• _WHAT YOU ARE ASKED TO DO_:
Within the entries below, find the portion that opens with the line containing "Zara Damen Kleid, schwarz, Gr. 34 von ZARA" and closes with the line containing "De 100.000 kilometer". Retype that portion exactly and only.

• _SUPPLIED INFORMATION_:
----

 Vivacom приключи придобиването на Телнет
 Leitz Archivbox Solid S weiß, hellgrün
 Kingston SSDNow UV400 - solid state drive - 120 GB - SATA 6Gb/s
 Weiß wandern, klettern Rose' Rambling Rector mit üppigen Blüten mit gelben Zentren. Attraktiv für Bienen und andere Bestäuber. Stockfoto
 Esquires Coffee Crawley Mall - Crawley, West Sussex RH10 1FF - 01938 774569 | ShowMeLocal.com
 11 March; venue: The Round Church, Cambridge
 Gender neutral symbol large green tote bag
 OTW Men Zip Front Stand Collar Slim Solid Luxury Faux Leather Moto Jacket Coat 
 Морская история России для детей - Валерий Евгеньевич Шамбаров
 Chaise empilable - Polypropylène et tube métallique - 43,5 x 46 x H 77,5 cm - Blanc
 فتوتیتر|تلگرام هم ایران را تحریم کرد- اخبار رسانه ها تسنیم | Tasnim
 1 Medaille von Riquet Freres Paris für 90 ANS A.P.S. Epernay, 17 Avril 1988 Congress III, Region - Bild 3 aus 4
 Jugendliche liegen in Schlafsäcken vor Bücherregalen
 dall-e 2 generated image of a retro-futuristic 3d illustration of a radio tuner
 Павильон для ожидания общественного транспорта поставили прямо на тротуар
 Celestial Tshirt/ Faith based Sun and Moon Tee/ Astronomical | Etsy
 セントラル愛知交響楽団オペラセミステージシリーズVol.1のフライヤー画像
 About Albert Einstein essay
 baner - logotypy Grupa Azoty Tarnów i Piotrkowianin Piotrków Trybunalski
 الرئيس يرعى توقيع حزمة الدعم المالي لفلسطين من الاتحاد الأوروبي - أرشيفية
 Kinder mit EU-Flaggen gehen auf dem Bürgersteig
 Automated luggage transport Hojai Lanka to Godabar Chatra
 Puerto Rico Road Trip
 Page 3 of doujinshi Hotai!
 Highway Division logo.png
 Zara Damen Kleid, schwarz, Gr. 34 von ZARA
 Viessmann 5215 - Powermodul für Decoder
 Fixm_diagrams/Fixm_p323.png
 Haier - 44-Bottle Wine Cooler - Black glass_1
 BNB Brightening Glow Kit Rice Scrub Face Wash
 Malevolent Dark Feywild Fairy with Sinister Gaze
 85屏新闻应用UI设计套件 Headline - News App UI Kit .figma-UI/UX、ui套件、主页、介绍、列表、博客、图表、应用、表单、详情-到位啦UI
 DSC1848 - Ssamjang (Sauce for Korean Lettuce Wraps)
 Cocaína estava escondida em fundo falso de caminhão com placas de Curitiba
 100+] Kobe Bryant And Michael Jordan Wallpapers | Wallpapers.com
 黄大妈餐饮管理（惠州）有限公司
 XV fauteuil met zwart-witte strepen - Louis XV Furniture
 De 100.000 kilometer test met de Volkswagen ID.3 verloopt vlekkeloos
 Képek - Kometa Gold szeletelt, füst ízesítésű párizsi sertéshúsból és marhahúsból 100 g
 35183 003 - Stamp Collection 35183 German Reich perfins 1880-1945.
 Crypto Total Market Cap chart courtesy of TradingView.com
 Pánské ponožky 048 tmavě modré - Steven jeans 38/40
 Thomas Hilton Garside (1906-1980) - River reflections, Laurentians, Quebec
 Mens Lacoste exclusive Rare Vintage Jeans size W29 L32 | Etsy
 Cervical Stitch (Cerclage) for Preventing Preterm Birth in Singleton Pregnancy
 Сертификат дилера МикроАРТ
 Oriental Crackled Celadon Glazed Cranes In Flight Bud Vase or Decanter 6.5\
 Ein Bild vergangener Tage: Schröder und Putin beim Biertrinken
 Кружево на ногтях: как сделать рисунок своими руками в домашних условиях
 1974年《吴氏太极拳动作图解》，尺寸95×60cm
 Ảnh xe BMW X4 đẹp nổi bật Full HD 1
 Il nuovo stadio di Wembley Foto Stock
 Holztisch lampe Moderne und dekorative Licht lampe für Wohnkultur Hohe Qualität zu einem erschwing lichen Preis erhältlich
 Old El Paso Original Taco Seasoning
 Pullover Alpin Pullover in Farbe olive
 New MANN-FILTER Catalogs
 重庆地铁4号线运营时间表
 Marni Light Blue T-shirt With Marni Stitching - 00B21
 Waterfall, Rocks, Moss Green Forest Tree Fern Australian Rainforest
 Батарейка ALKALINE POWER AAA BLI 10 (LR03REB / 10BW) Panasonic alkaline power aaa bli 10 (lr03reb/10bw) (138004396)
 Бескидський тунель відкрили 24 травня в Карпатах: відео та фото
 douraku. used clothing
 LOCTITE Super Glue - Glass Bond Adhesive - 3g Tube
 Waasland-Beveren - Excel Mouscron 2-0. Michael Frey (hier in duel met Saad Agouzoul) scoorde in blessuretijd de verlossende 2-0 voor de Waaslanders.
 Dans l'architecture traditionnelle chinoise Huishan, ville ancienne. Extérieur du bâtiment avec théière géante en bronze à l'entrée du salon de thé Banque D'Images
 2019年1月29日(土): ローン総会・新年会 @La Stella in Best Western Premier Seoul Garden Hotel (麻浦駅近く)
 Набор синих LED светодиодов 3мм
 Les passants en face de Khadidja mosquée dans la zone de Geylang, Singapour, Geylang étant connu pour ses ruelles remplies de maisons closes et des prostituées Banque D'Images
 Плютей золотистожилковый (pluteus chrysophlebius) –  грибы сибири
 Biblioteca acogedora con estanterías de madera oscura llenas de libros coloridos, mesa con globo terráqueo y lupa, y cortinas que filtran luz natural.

----

• _ANSWER TO THE EXERCISE_:
 Zara Damen Kleid, schwarz, Gr. 34 von ZARA
 Viessmann 5215 - Powermodul für Decoder
 Fixm_diagrams/Fixm_p323.png
 Haier - 44-Bottle Wine Cooler - Black glass_1
 BNB Brightening Glow Kit Rice Scrub Face Wash
 Malevolent Dark Feywild Fairy with Sinister Gaze
 85屏新闻应用UI设计套件 Headline - News App UI Kit .figma-UI/UX、ui套件、主页、介绍、列表、博客、图表、应用、表单、详情-到位啦UI
 DSC1848 - Ssamjang (Sauce for Korean Lettuce Wraps)
 Cocaína estava escondida em fundo falso de caminhão com placas de Curitiba
 100+] Kobe Bryant And Michael Jordan Wallpapers | Wallpapers.com
 黄大妈餐饮管理（惠州）有限公司
 XV fauteuil met zwart-witte strepen - Louis XV Furniture
 De 100.000 kilometer test met de Volkswagen ID.3 verloopt vlekkeloos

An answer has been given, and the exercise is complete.